# Importance of teen jobs.



## Scruffy (Aug 17, 2009)

First blog brah.

I've been thinking what my job has done for me personally and how important I feel they are to a teenager. 

I first got my job when I had just turned 16, it was a just a walk-in at a putt putt place in my neighborhood. I eventually got my interview and got hired, I was excited to start, but then it started.

The first week went by averagely, I sucked at everything and got ridiculed for it "fucking rookie" but the first paycheck was awesome. 

After I picked up on everything and started moving up the totem pole it was great, I had an influx of new friends and money.

Working for and with "dumb people" (sensors you might call them) my common sense shot up incredibly, it was nice to not over-think and just be good at what I was doing. I began to understand so many different kinds of people and just generally have a break from constant thinking.

I've gained a shit-ton of life experience from working with all kinds of people, and fixing all sorts of problems. It did wonders for my maturity. It gave me independence, and the head to tackle anything.

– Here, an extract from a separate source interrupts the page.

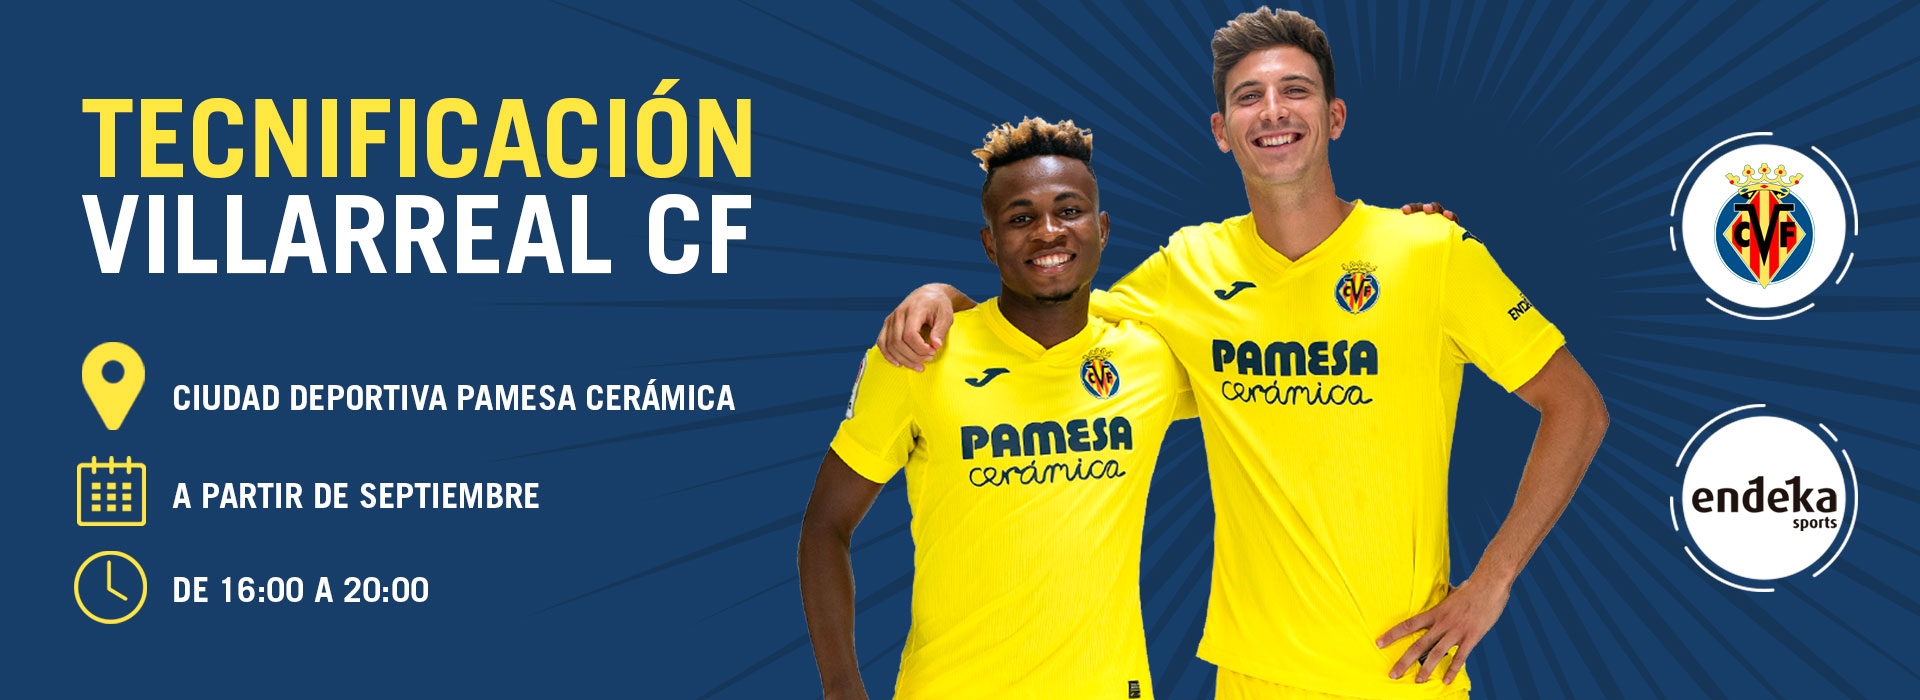 Tecnificación Villarreal CF 21/22

People who do not work as teenagers miss-out on a lot of growth, and fun. I've had so many jackassy antics with my co-workers, I can pull fun out of anything with anyone.

Get a job you jackasses, it can only do you good.


----------



## Femme (Jul 12, 2009)

High-five, Sheen.


----------



## sartreality (Aug 5, 2009)

I'll second that high five.


----------



## HannibalLecter (Apr 18, 2010)

An intriguing read, I must say.
A shame you do not continue with this blog; I'd be interested in learning more about the people on here, and I must say that you are one of the most interesting ones.


----------